Re: 2.6.31 regression: programs crashing after a couple of days of uptime with hibernation

Previous thread: [PATCH 9/9] Staging: rtl8187se: fixed checkpatch.pl warnings and errors in r8180_rtl8225z2.c by Olimpiu Pascariu on Thursday, April 1, 2010 - 1:48 pm. (1 message)

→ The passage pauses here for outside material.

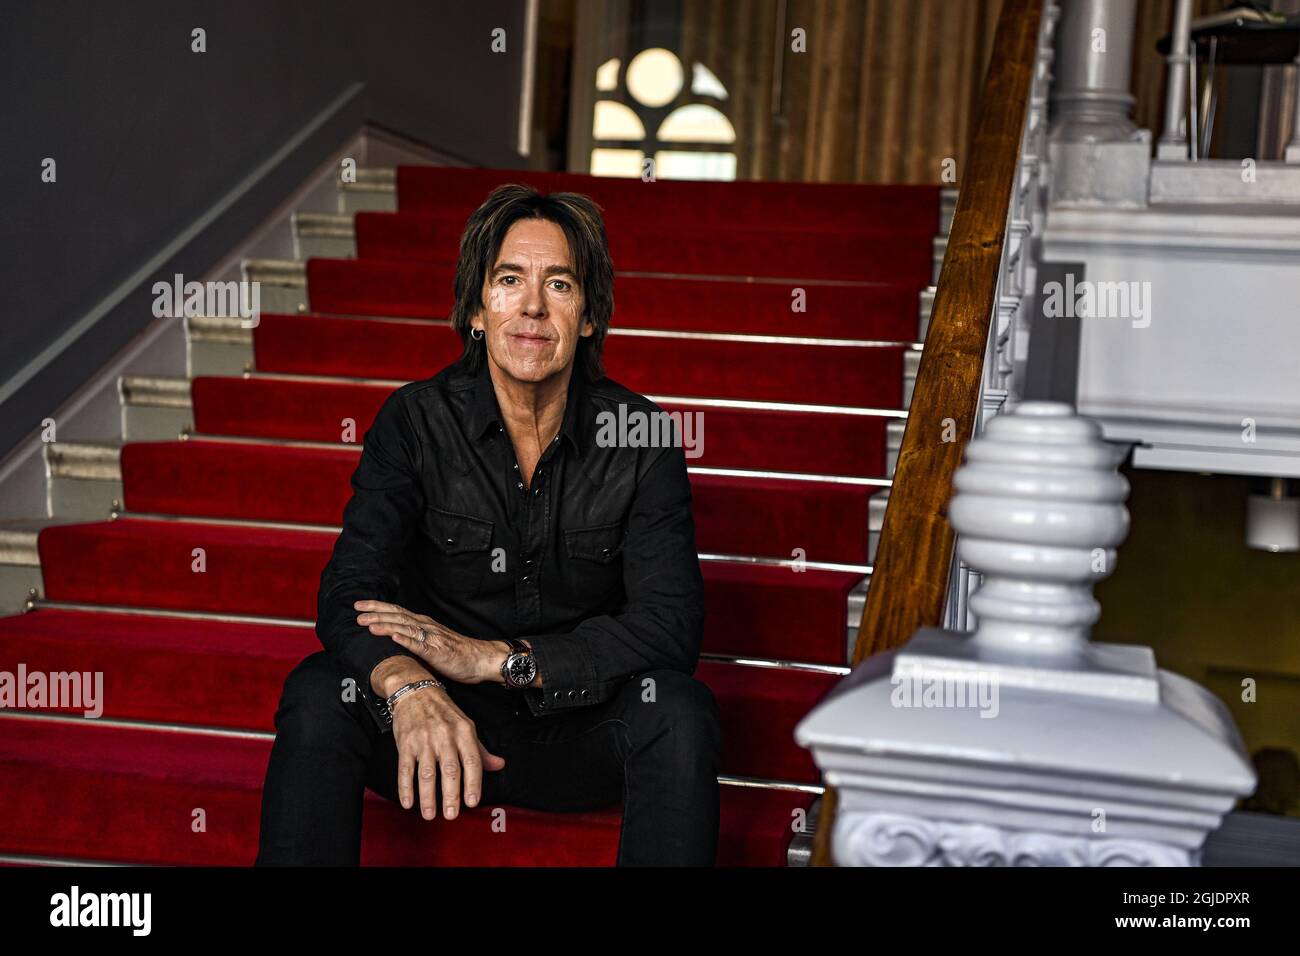 Per Gessle has released his new Swedish solo album 'Gammal kÃ¤rlek rostar aldrig' and the Roxette box 'Bag of trix - music from the Roxette vaults'. Photo: Jimmy Wixtrom / Aftonbladet / TT code 2512 Stock Photo

Next thread: 2.6.33.1 pwc (quickcam pro 4000 is broken) by Justin Piszcz on Thursday, April 1, 2010 - 2:45 pm. (1 message)
From: Ondrej Zary
Date: Thursday, April 1, 2010 - 2:32 pm

Hello,
with kernel 2.6.30, I can have uptime of more than a month on my desktop PC
(with hibernation). It's impossible with 2.6.31. After 1 to 3 days, processes
that were running during hibernation (e.g. konsole, kwin, kicker, xorg) start
to crash randomly in very weird ways. The kernel itself does not seem to
crash. When I run the crashed program again, it seems to work. Looks like
some memory corruption.

This bug is also present in 2.6.32 and 2.6.33.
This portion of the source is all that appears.